I use Century fingless gloves - they look similar to the MMA gloves. When I do my drills at JKD, slap, hammer puch, hook, shovel, etc. I find they don't work well. Mind you probably a lot of women really feel it in the hands but I'm hitting hard mitts too so it hurts. Last night I felt it my left hand along the thumb (I broke this hand last year in a fall and have had discomfort since.) I need something better, and since it's more of a boxing drill, I've been looking at these: Any thoughts?

http://www.sportsauthority.com/prod...Type=family&pageType=family&parentPage=family


----------



## Shawn (Mar 26, 2008)

My wife had trouble with her hands when she started training, and she started using boxing hand wraps - but we trained bare handed for the most part.  The hand wraps seemed to help, and she was eventually able to stop wearing them.

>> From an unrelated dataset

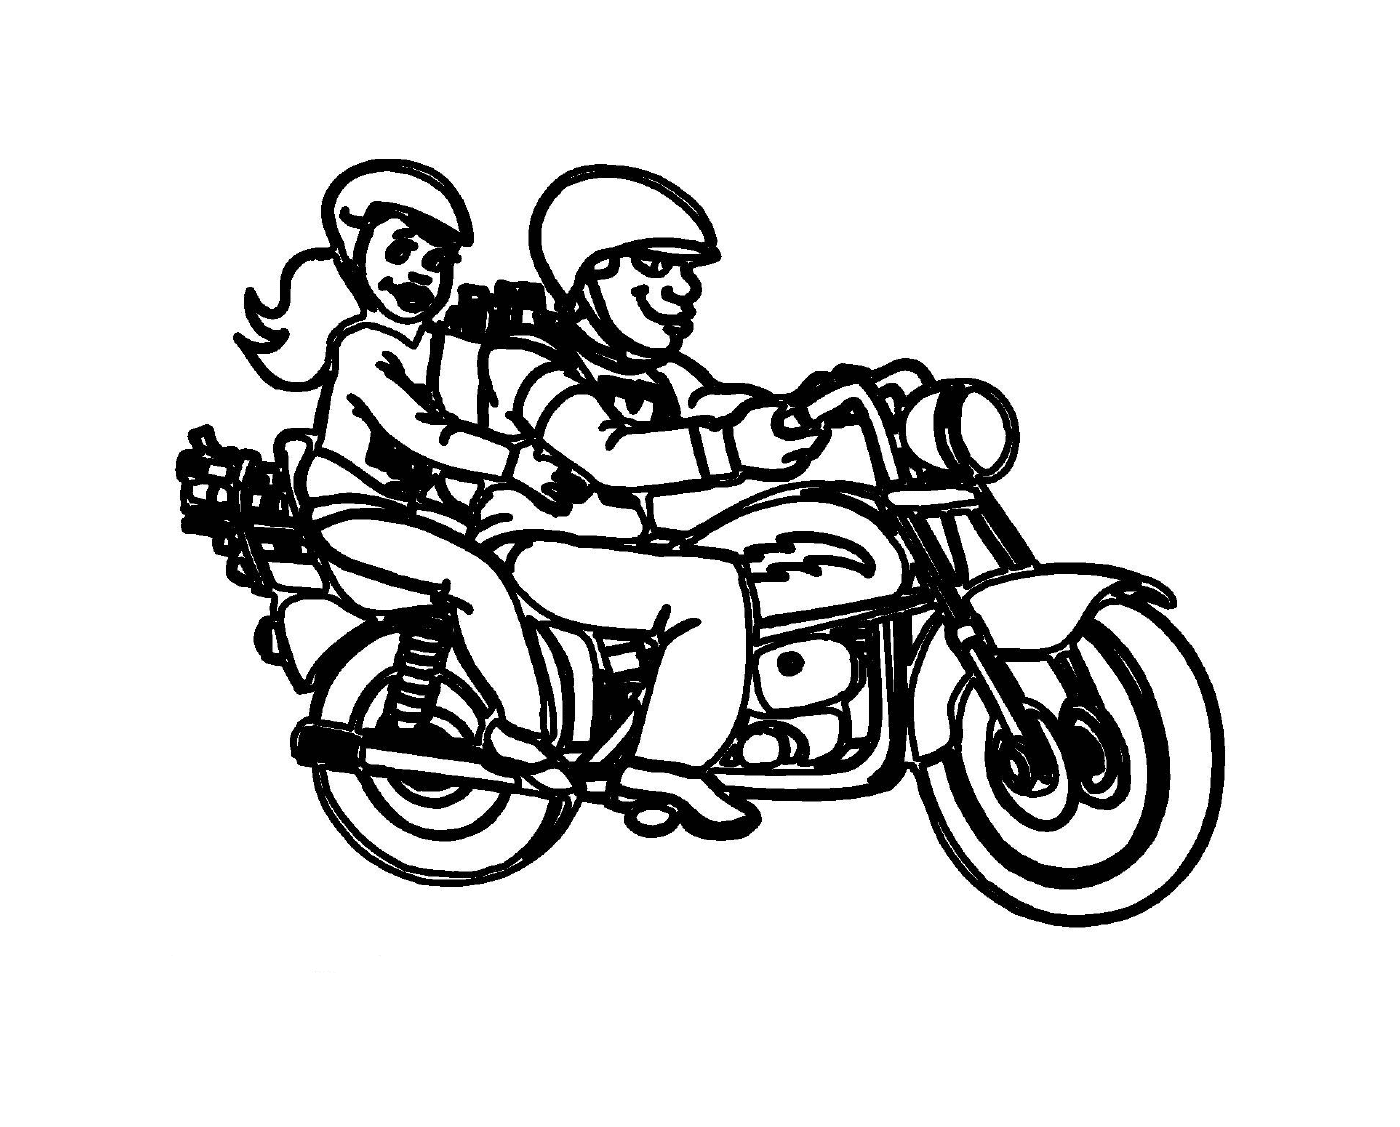   deux personnes sur motocyclette

If you are going to get boxing gloves, and are in for the long haul, I'd recommend going with a leather pair.


----------



## simplicity (Mar 27, 2008)

I got these for my wife to wear. They work great for anyone.

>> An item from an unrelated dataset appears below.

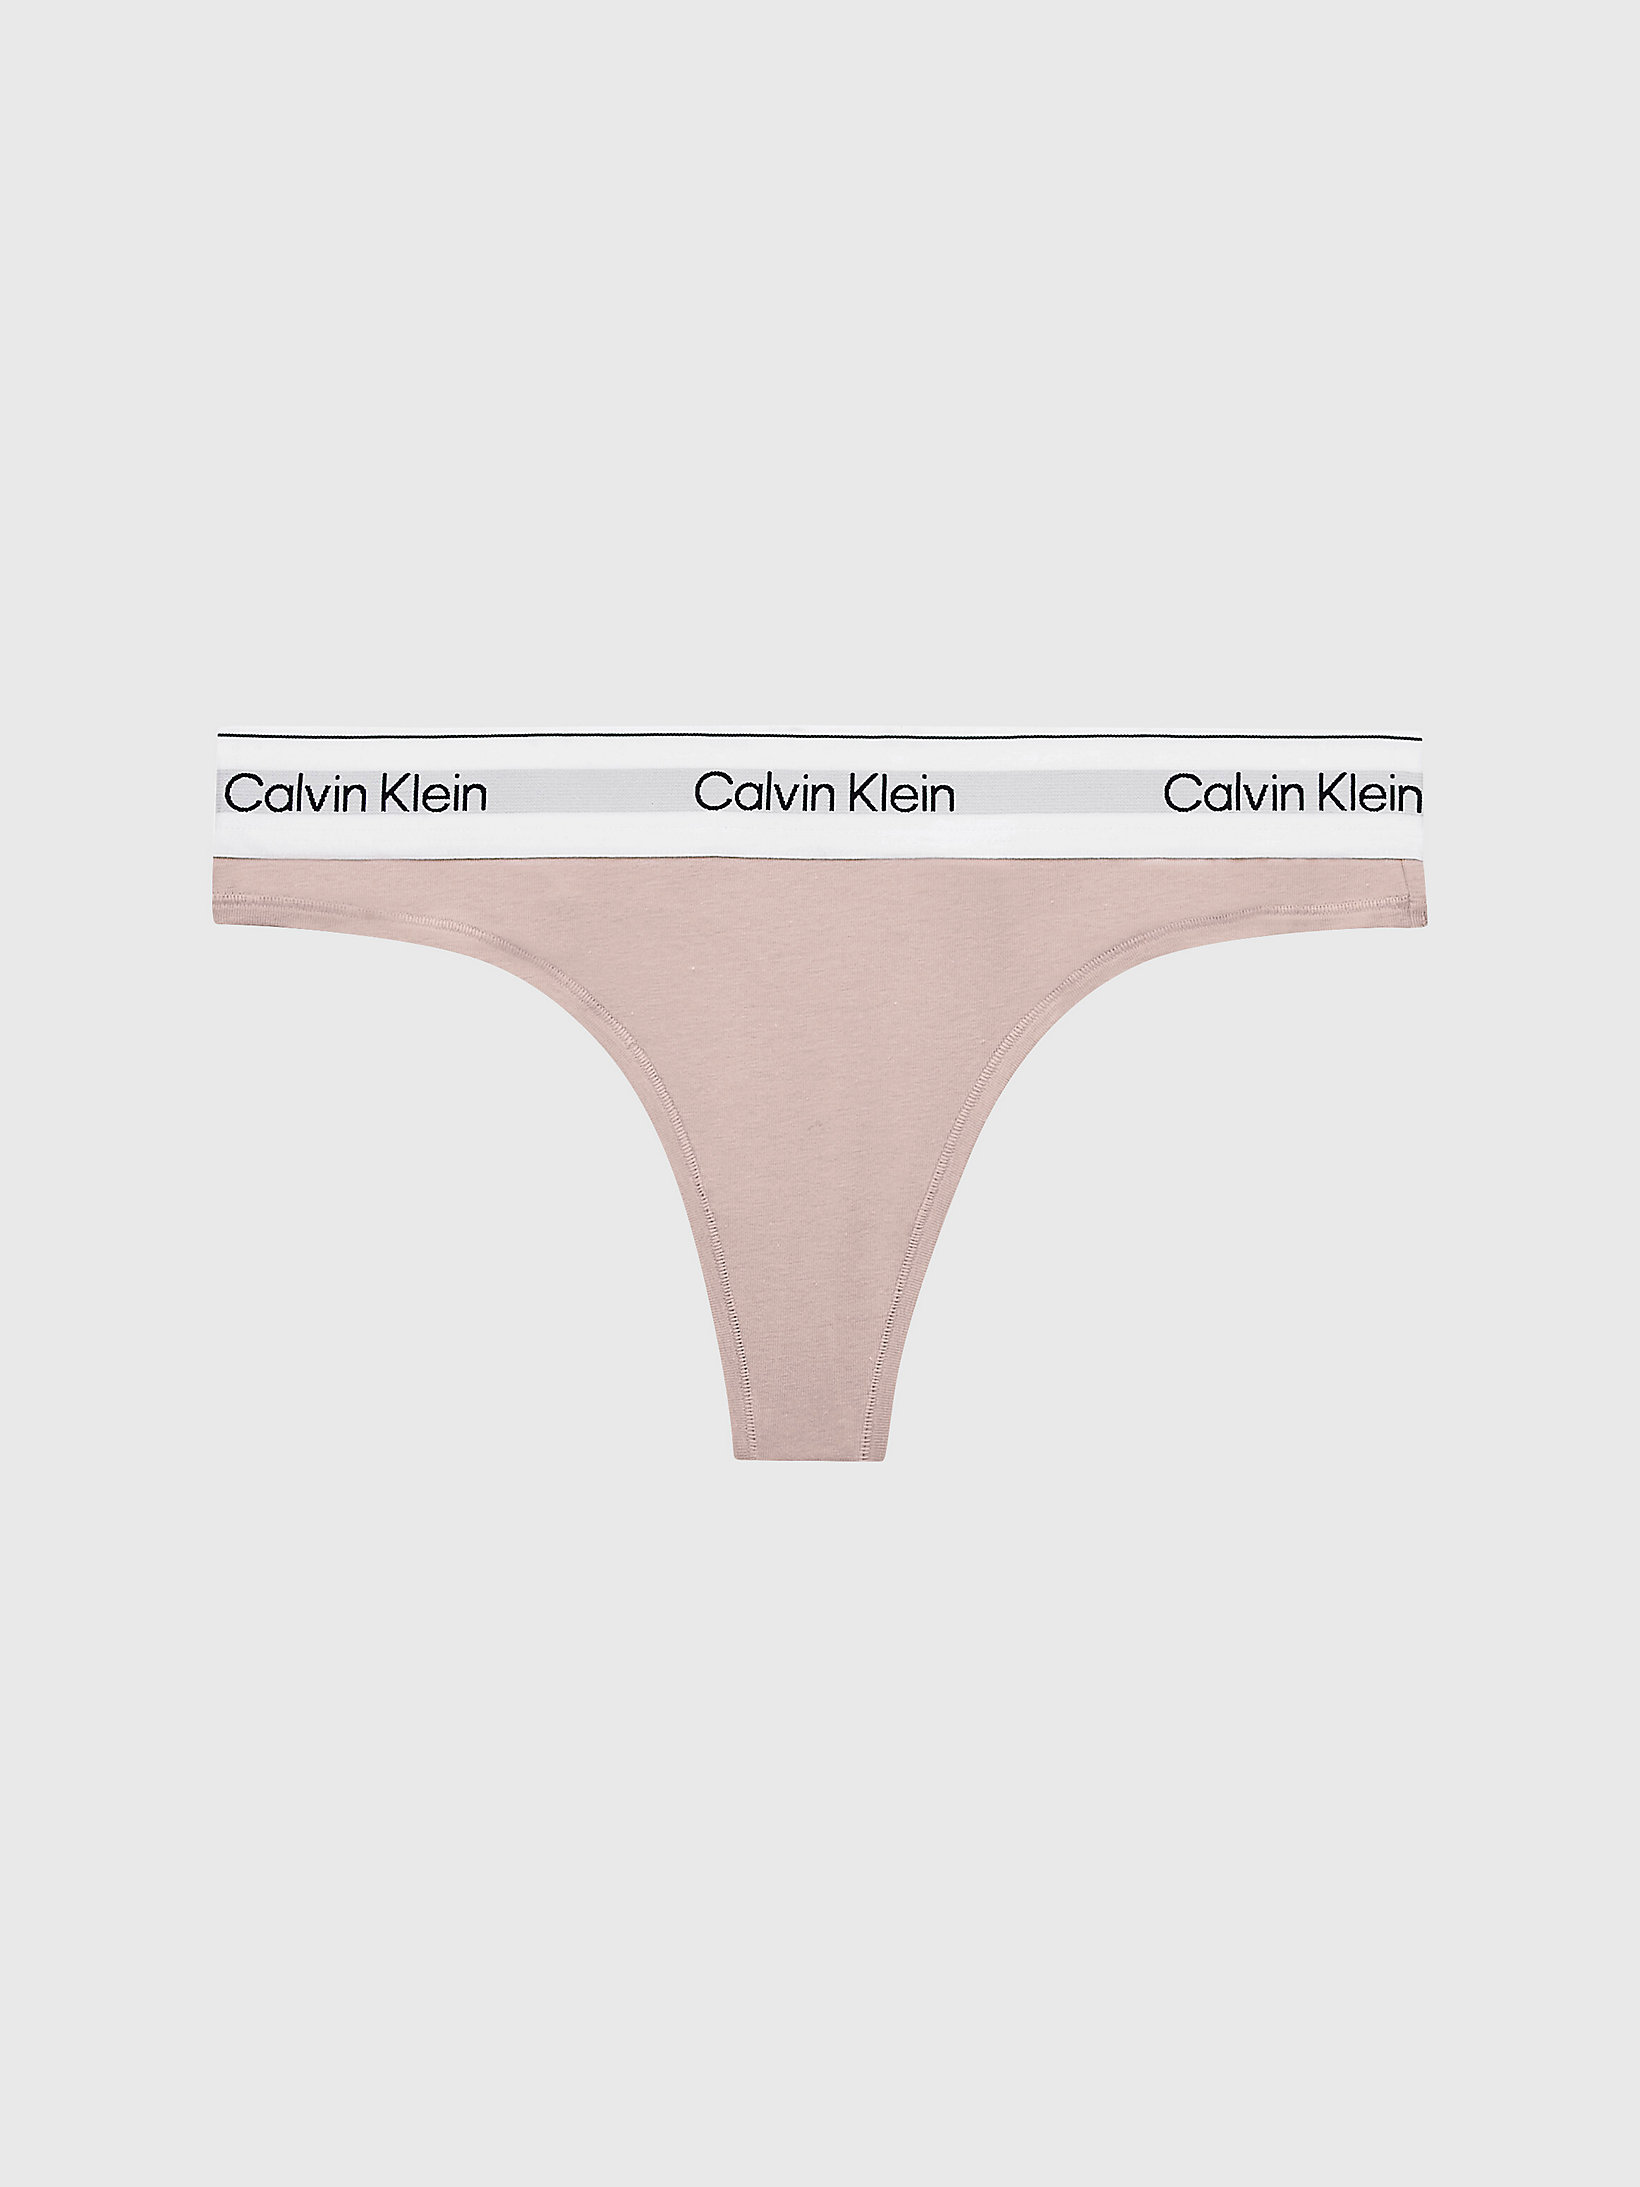 String - Modern Cotton > Cedar > undefined femmes > Calvin Klein

https://secure.martialartsites.com/index.cfm?storeid=021107123928&ProdID=1067

https://secure.martialartsites.com/index.cfm?storeid=021107123928&ProdID=1010

The women I teach, I try to get them to do push ups so that it can 
strengthen their wrist. Also, when you throw a punch. Try to inline your wrist plate with your forearm everytime. Not only will this help the pain your having, but with the correct structure you'll hit even harder, using less energy. I hope this help's. I*_*I


Keep "IT" Real,
John McNabney


----------



## CatNap (Mar 27, 2008)

Thanks for the advice, I've been trying to get into more weight training and push ups myself to strengthen my arms and hands. BTW, those gloves look like mine and to be honest, I need more padding for hammer strikes, slaps, shovel, hook and rear cross - for some reason, I really feel it.  I'd just like to find something affordable and solid for this basic training. I'm not stepping into a ring to fight or working out with a bag. Just curious, are gloves mainly one size fits all? I'm thinking of getting 16oz for the padding myself.


----------



## Bodhisattva (May 2, 2008)

CatNap said:


> I use Century fingless gloves - they look similar to the MMA gloves. When I do my drills at JKD, slap, hammer puch, hook, shovel, etc. I find they don't work well. Mind you probably a lot of women really feel it in the hands but I'm hitting hard mitts too so it hurts. Last night I felt it my left hand along the thumb (I broke this hand last year in a fall and have had discomfort since.) I need something better, and since it's more of a boxing drill, I've been looking at these: Any thoughts?
> 
> http://www.sportsauthority.com/prod...Type=family&pageType=family&parentPage=family


 
Those gloves are trash.  Most everything everlast makes these days is trash.

I'd check out ringside.com.  Ringside makes quality gloves.


----------



## paulH (May 10, 2008)

CatNap said:


> Thanks for the advice, I've been trying to get into more weight training and push ups myself to strengthen my arms and hands. BTW, those gloves look like mine and to be honest, I need more padding for hammer strikes, slaps, shovel, hook and rear cross - for some reason, I really feel it. I'd just like to find something affordable and solid for this basic training. I'm not stepping into a ring to fight or working out with a bag. Just curious, are gloves mainly one size fits all? I'm thinking of getting 16oz for the padding myself.


 
if i use gloves i try to use http://www.cuttingedgemartialartssupplies.co.uk/product1332/
the padding is very thin but still quite dense... so it provides very god protection... 

the good thing with them being thin is that you still punch correctly... if you always train with gloves that have almost an inch of padding you will always punch an inch short... 

also they are light so d not slow the speed down noticably... furthermore they allow you to open the hand and returtn to a wu-sao hand properly...


----------